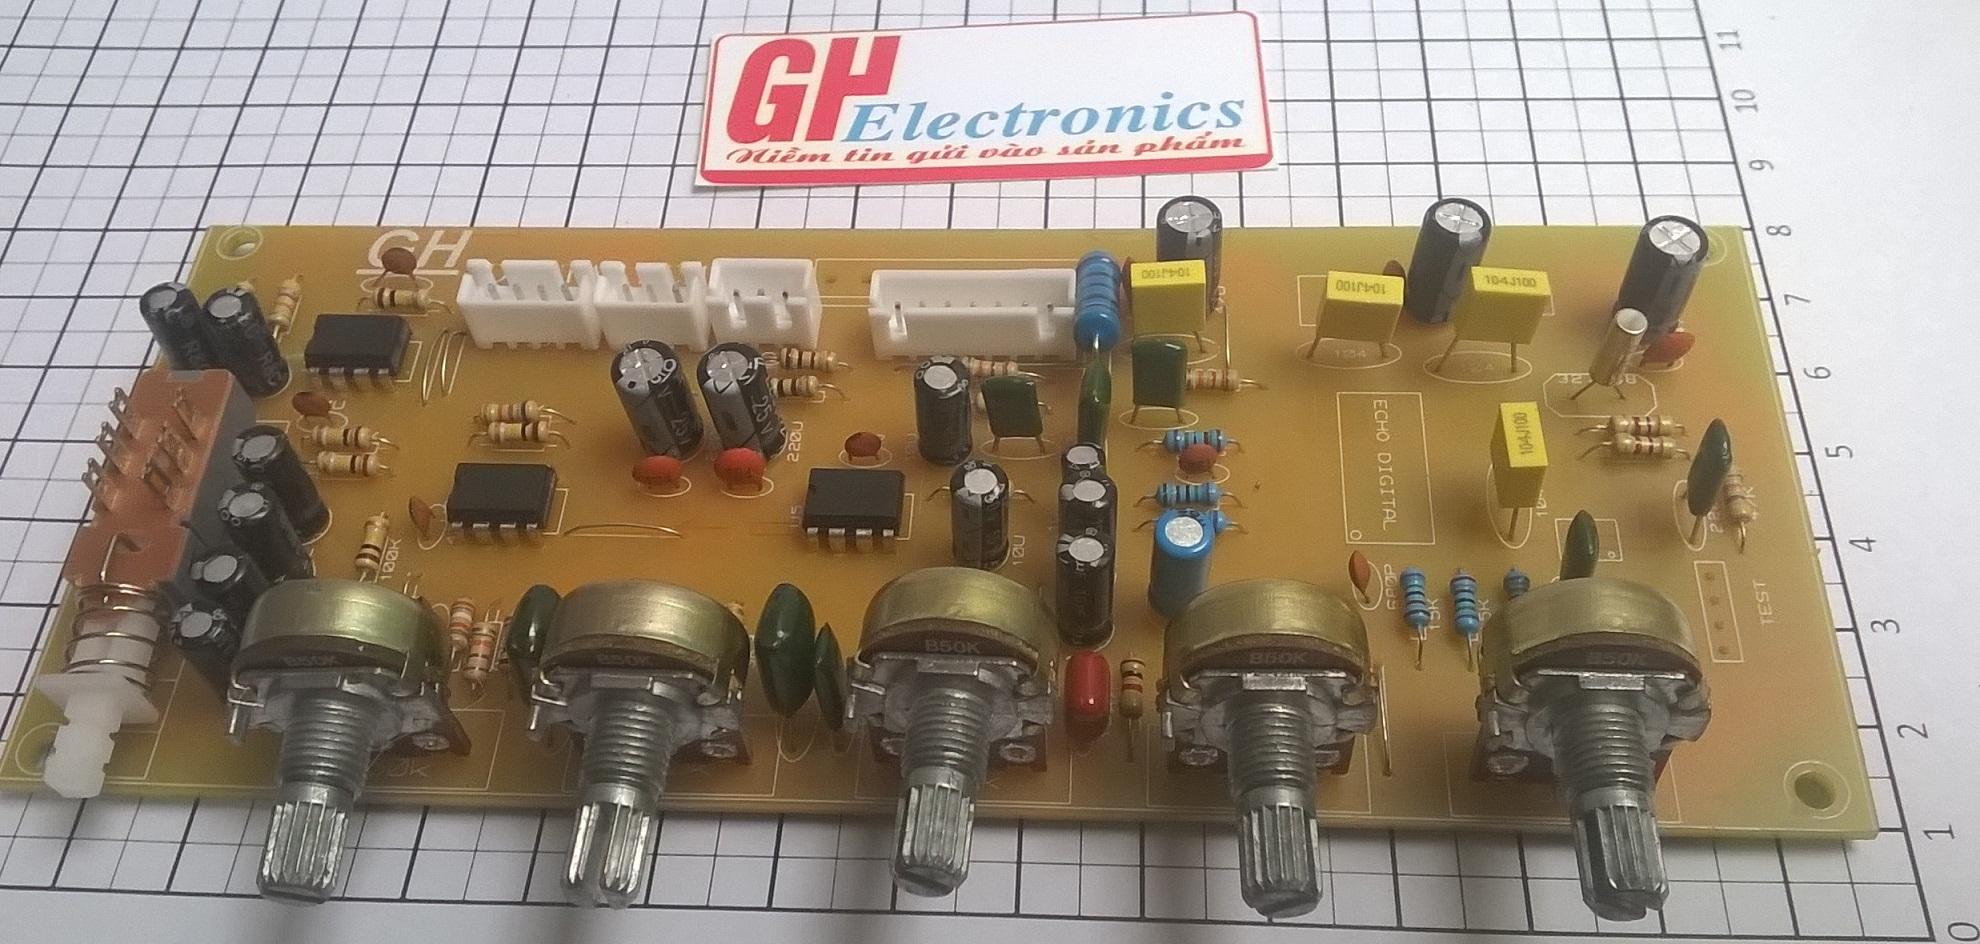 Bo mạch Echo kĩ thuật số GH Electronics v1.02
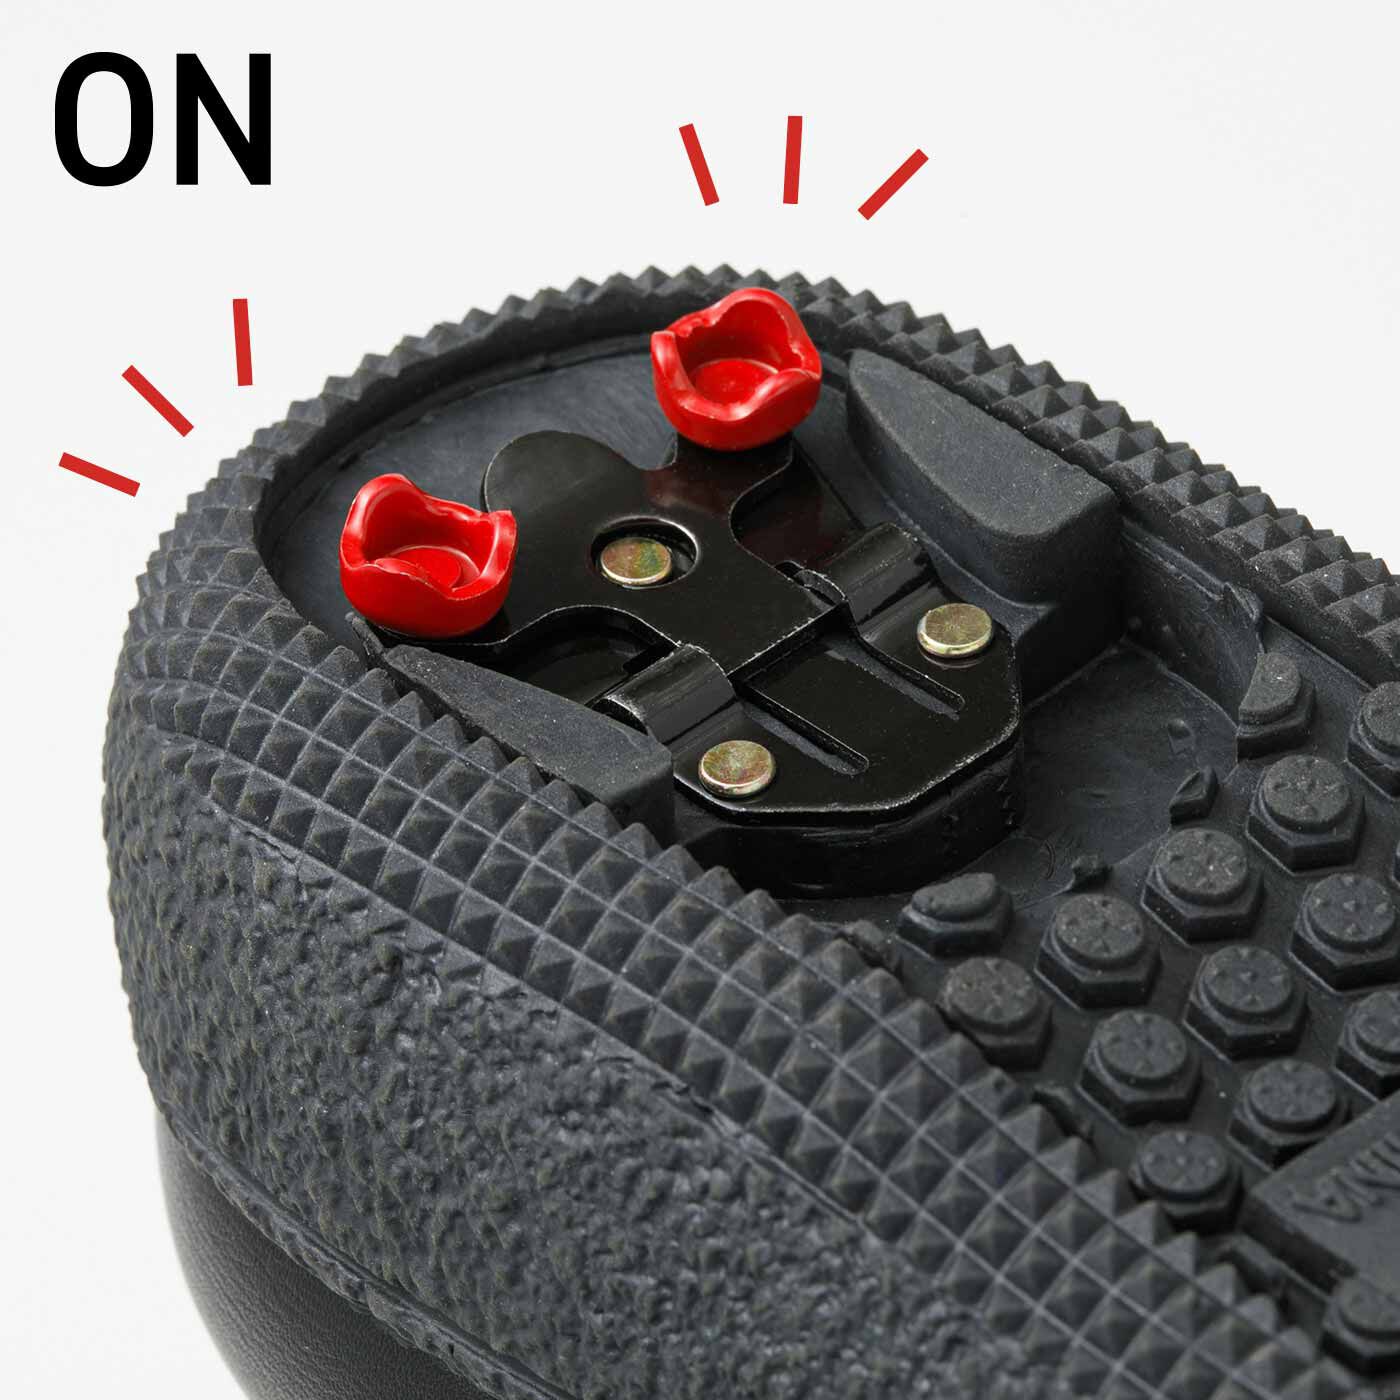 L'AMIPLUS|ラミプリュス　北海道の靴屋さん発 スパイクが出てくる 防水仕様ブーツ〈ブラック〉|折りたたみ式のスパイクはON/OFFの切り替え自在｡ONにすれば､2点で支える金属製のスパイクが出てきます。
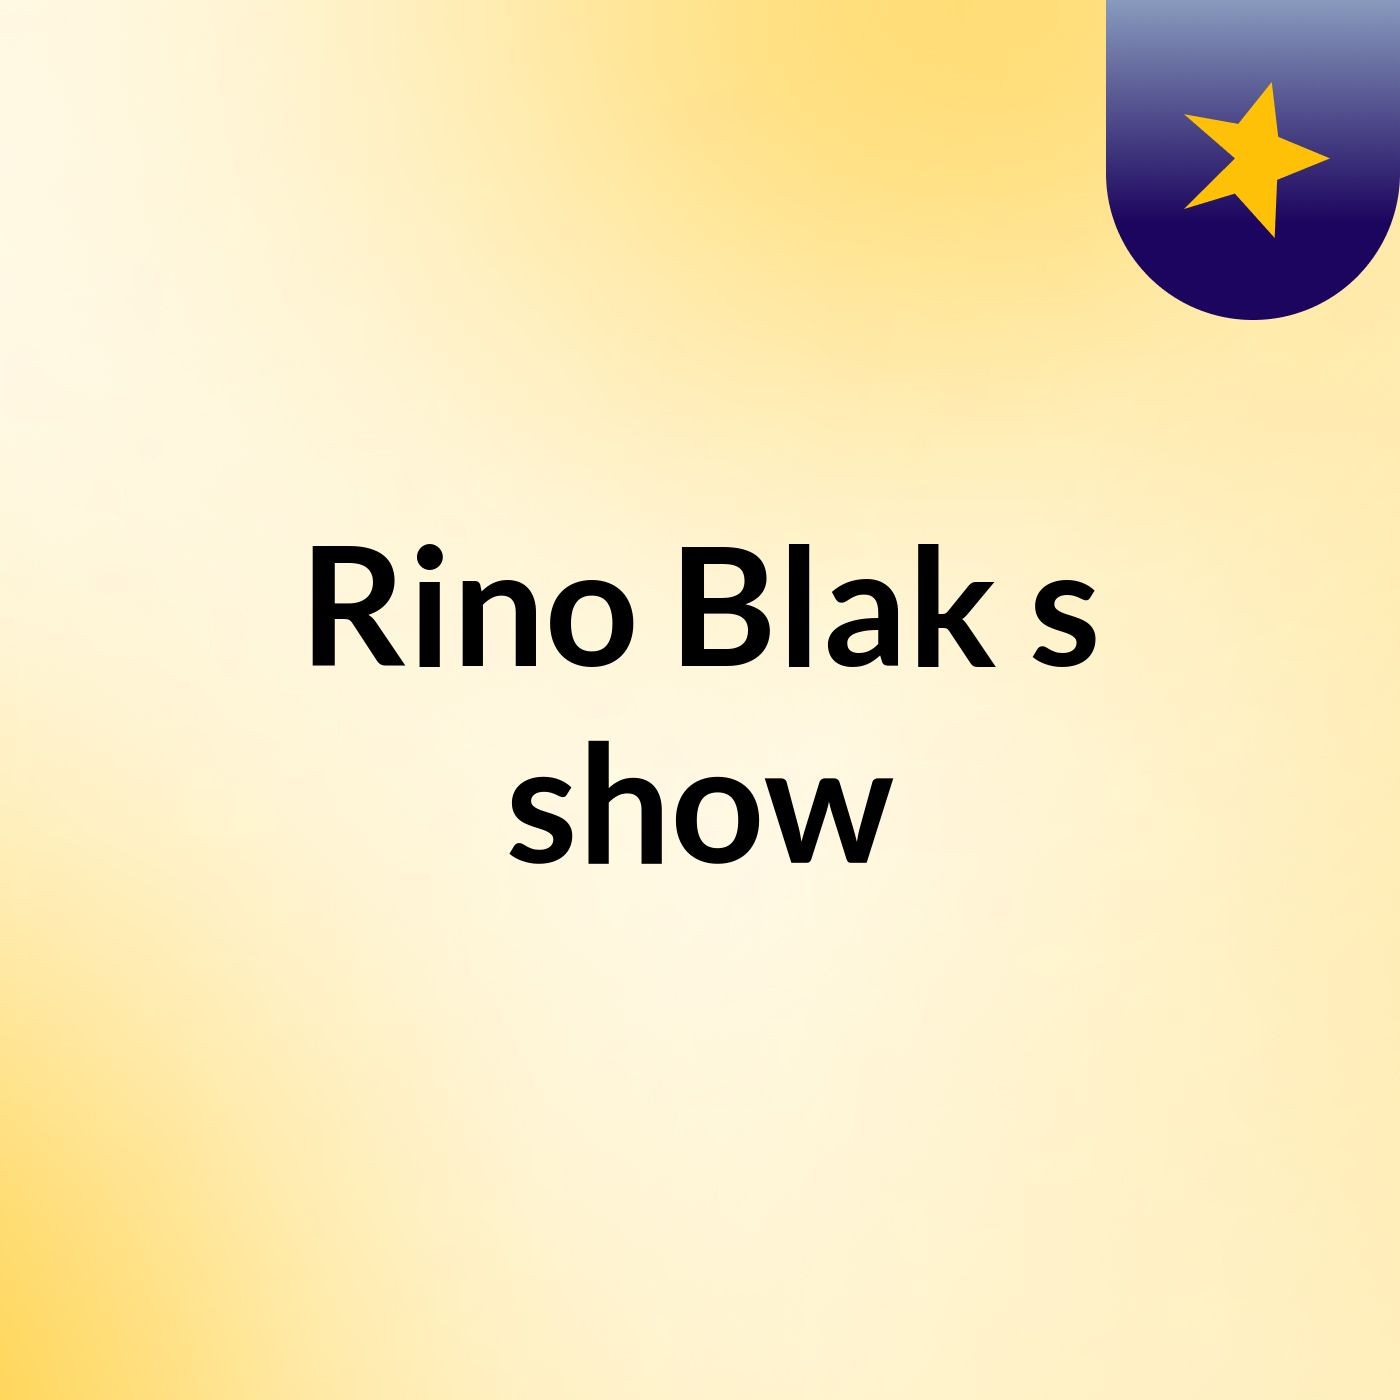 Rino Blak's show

§ TRY IT
If the data includes images, omit them, and set down everything else exactly as above.

§ EXPECTED ANSWER
 Bo mạch Echo kĩ thuật số GH Electronics v1.02
 L'AMIPLUS|ラミプリュス　北海道の靴屋さん発 スパイクが出てくる 防水仕様ブーツ〈ブラック〉|折りたたみ式のスパイクはON/OFFの切り替え自在｡ONにすれば､2点で支える金属製のスパイクが出てきます。
 Rino Blak's show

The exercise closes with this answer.